Unidentified Analyst
Okay. And then in terms of this can maybe as the top line rent number; I was all surprised that rent only increased $60,000 quarter-over-quarter, given the kind of amount of acquisition activity you guys completed in both 1Q and 2Q and the timing, particularly of the Okawa [ph] acquisition. Well there's something that's maybe within that rent number, that we're not seeing today because of the accounting changes that caused 2Q '19 to be lower versus run rate or 1Q '19 to maybe be elevated versus run rate? How should we view is kind of the rent on a go forward basis?
David Gladstone
Well, speaking specifically to the only $60,000 top line increase, John, you know taking your point, obviously the signature brands acquisition in April, materially contributed to it -- being a $380,000 to property portfolio, but that was offset by the contract -- the interim contraction at Morgan Stanley.

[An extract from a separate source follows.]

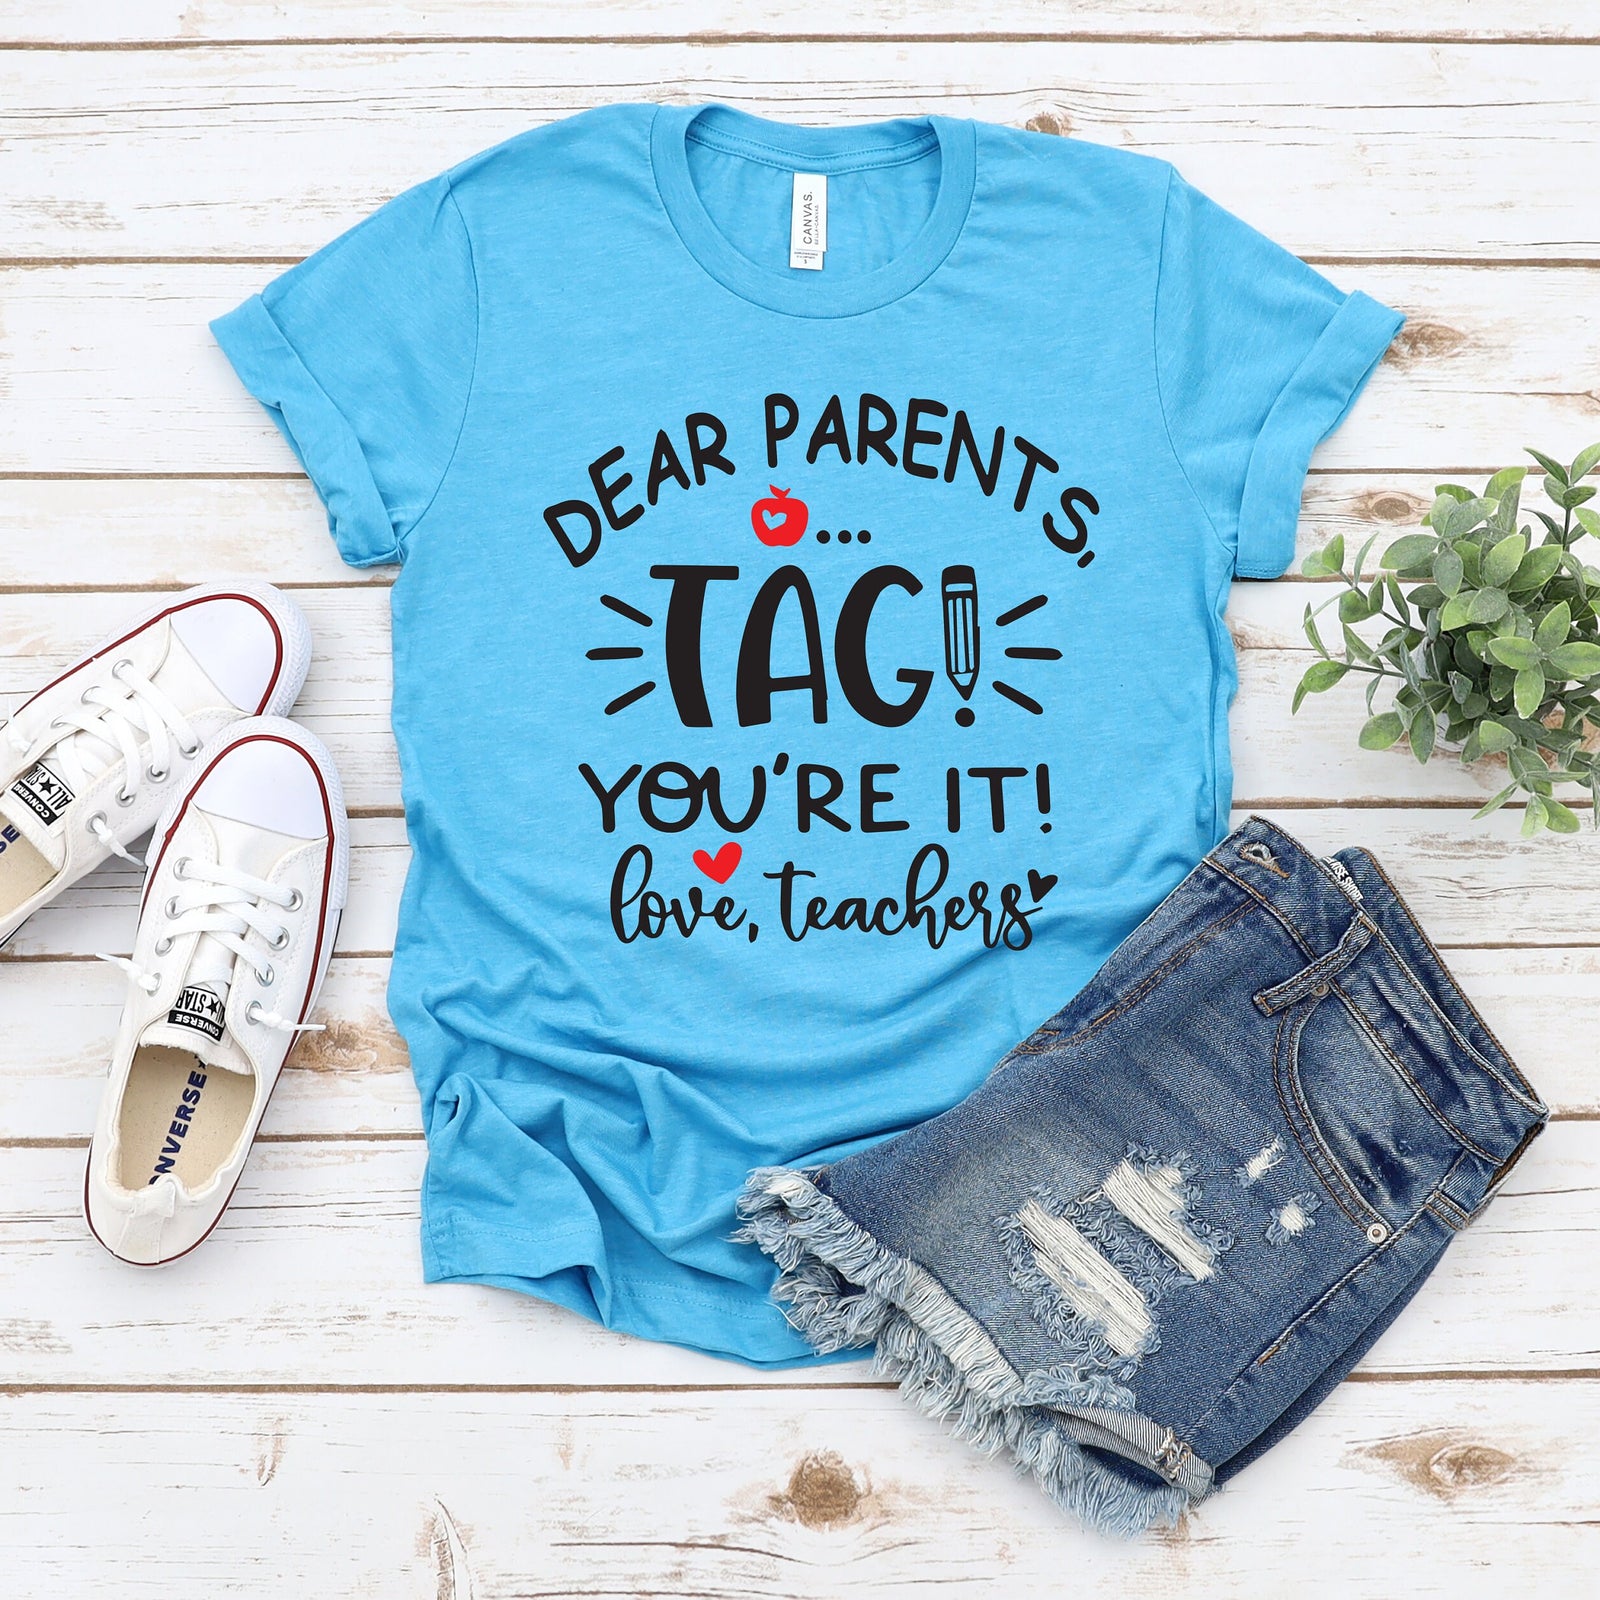 Dear Parents Tag You Are It Adult Unisex T Shirt - Teacher T Shirts - Teacher Appreciation Gift - End of Year - Summer
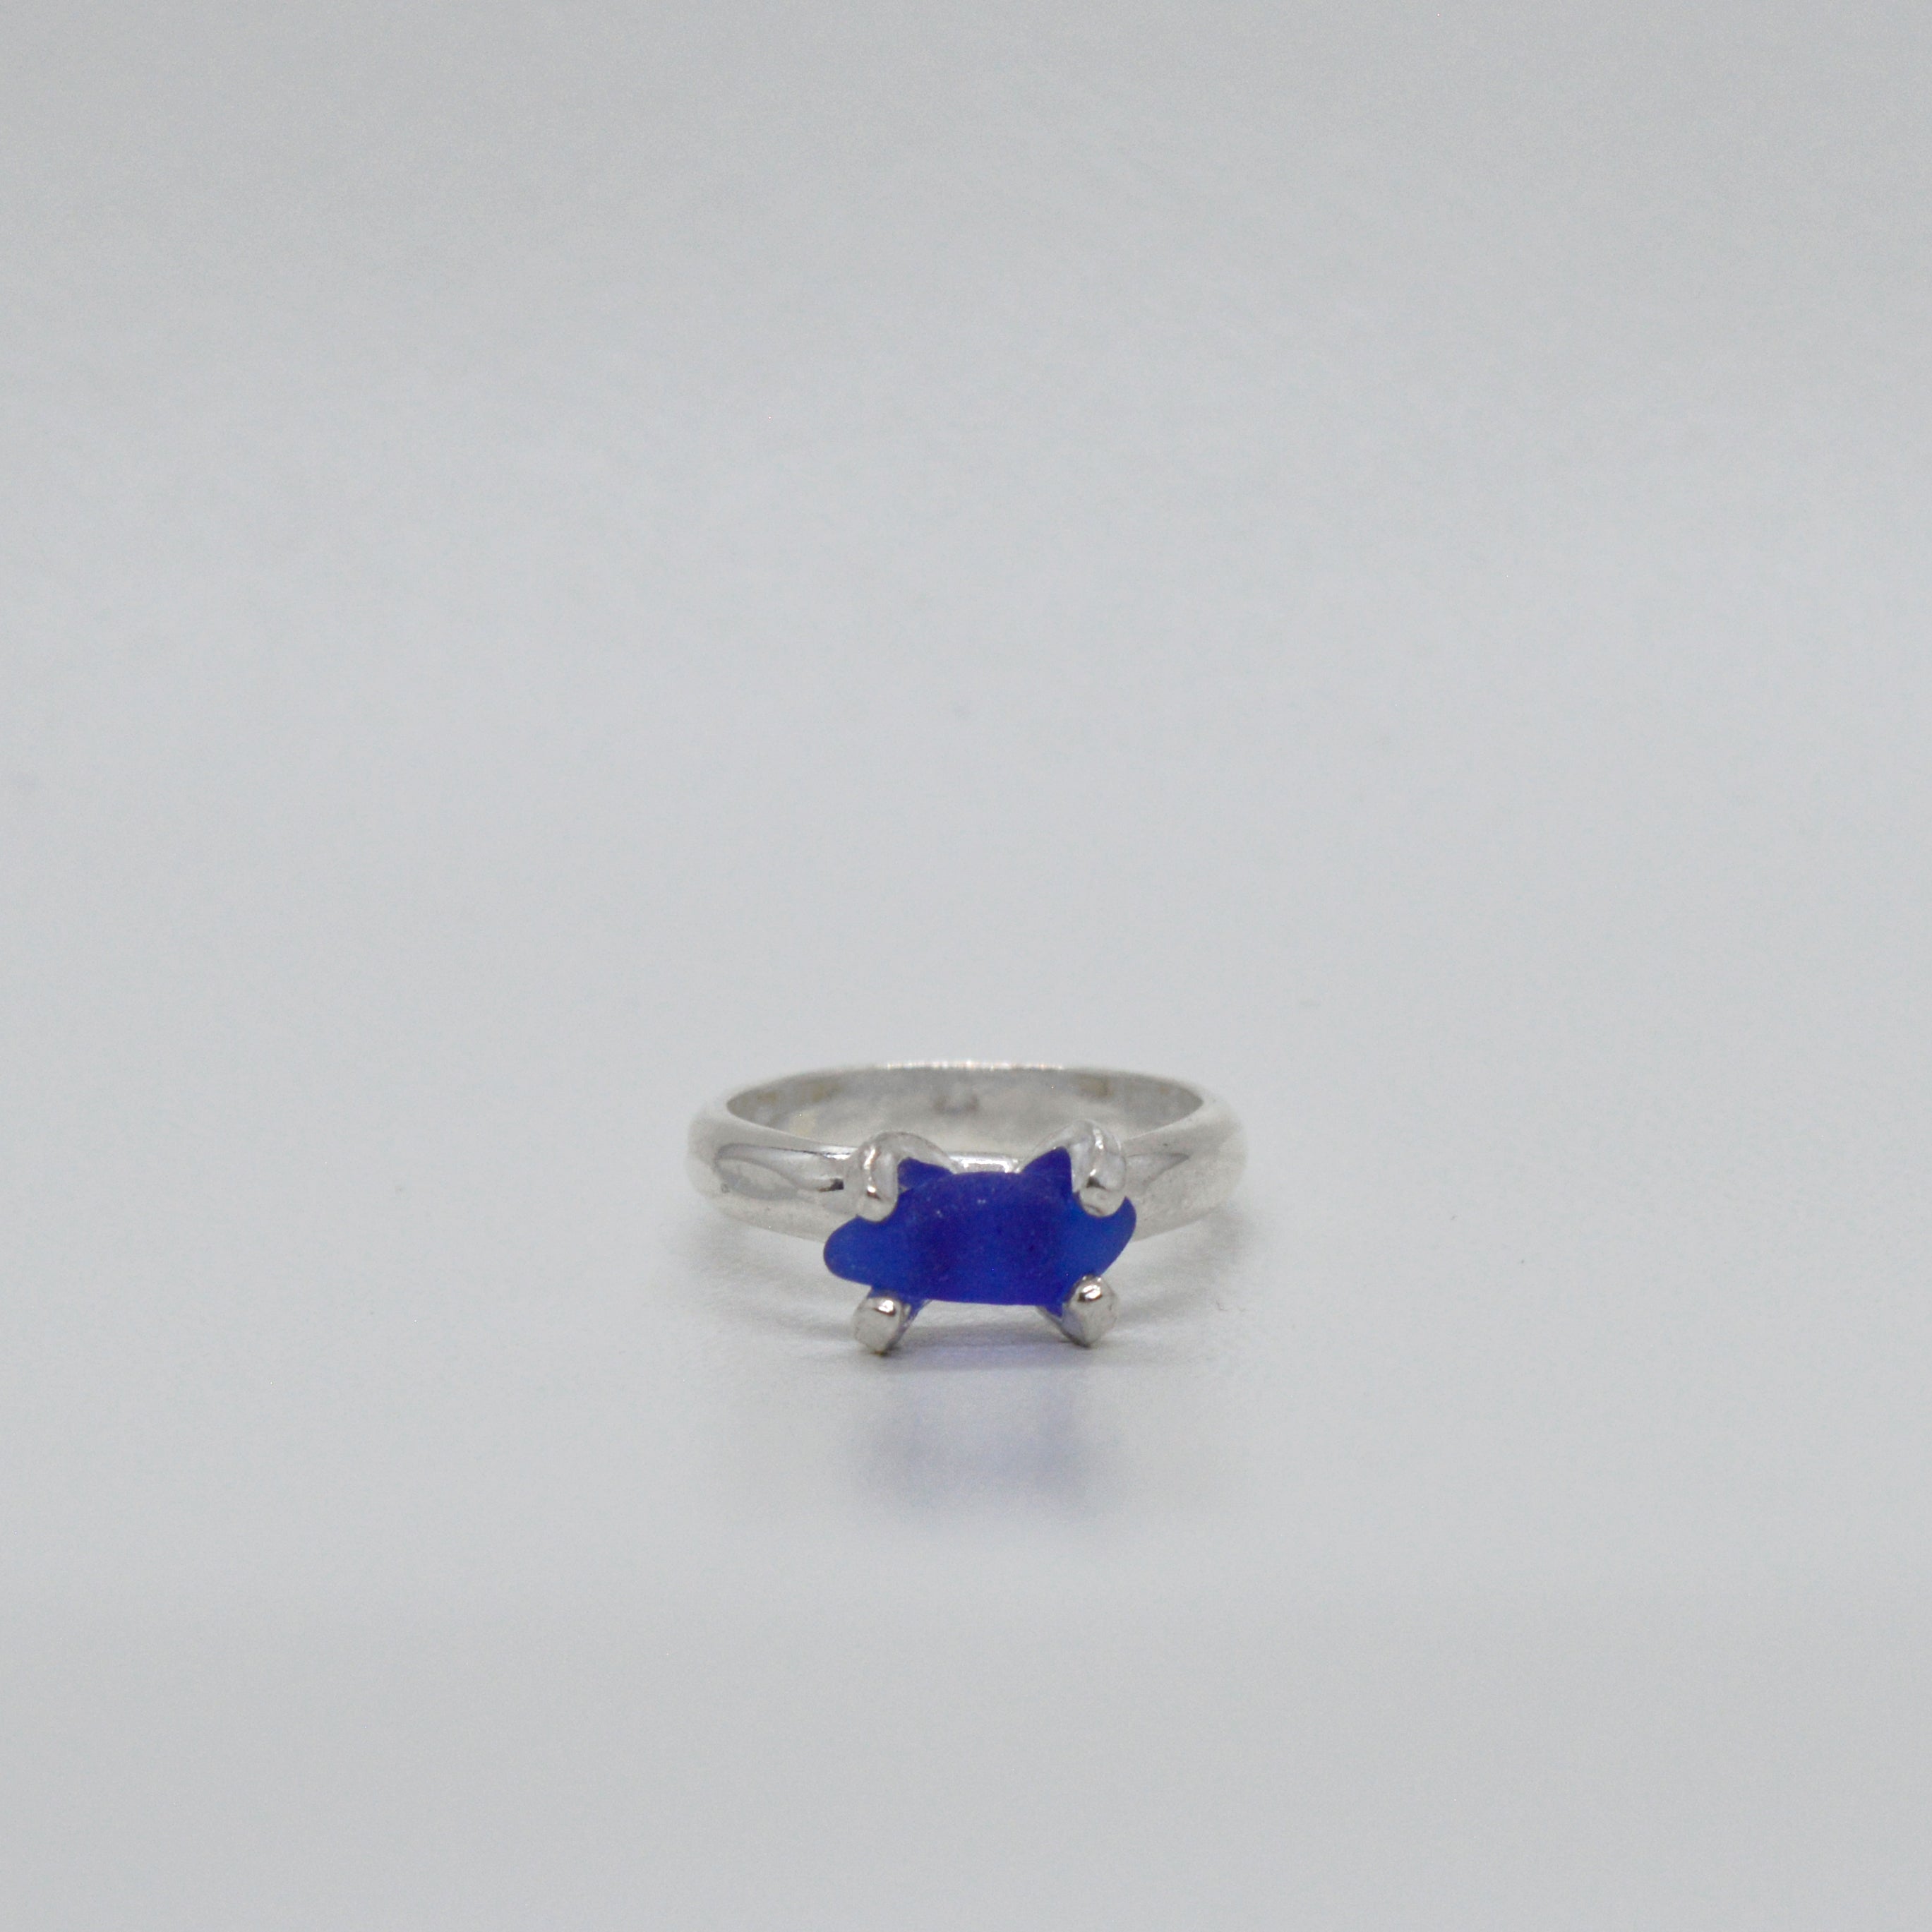 Blue Pronged Sterling Silver Seaglass Ring

Again, that's not participating in top line revenue at the end of February. So, on that total square foot, is the 23,000 square foot. We locked for the quarter, called $160,000 to $170,000 of rent, and again, that will come back on in Q3 in two different stages. That was also the increase from signature brands has also mitigated by the disposition of our non-core single storey office building, in Maitland, Florida that took place in the first quarter.So, I would say it was more so specific to some acute events and onetime events, but for southwards, going away, appreciating now Morgan Stanley, we'll be back. Signature brands will continue to participate in the fourth quarter. And the audio acquisition we closed on June 18, just didn't have enough time to participate in that top line revenue, but when we get into a full three month cycle in Q3, that $17.5 million acquisition will materially participated in it with a quarterly rent of $400,000.
Unidentified Analyst
Very helpful. And then lastly, on the acquisition side of things, within kind of your industrial targeted acquisitions, how are you looking at maybe manufacturing versus warehouse and distribution? And are you seeing any kind of the additional cap rate you can get on manufacturing assets that might make them look relatively attractive?
David Gladstone
Yes, I truly believe, John, that we are receiving, you know, a higher cap rate on the manufacturing and its stick your real estate. So we really like that because typically they have invested a lot of money into the property, and with their workforce right around that area, it's unlikely for them to leave. So we you know, if I look at what we have acquired in the last nine months, over two-thirds of that is primarily manufacturing and I like that. I think it's in our business. If I were in the multi-tenant business where I'm, you know, value add I might like distribution more, but I think in our business, we are a long term holder, we like the manufacturing play and we do. We will get -- we do get higher cap rates in manufacturing.
Unidentified Analyst
Understood. Thank you. That's it for me.
David Gladstone
Next question.
Operator
I'm showing no further questions at this time. I would now like to turn the call back to David Gladstone for closing remarks.
David Gladstone
Okay. Thank you all for tuning in. Hope you see what a good quarter we've put up for this last quarter. I think the quarter ending September 30 will be another good quarter. So that's the end of this call. I'll turn it back to Sydney.
Operator
Ladies and gentlemen, thank you for participating in today's conference. This does conclude the program and you may all disconnect. Everyone have a great day.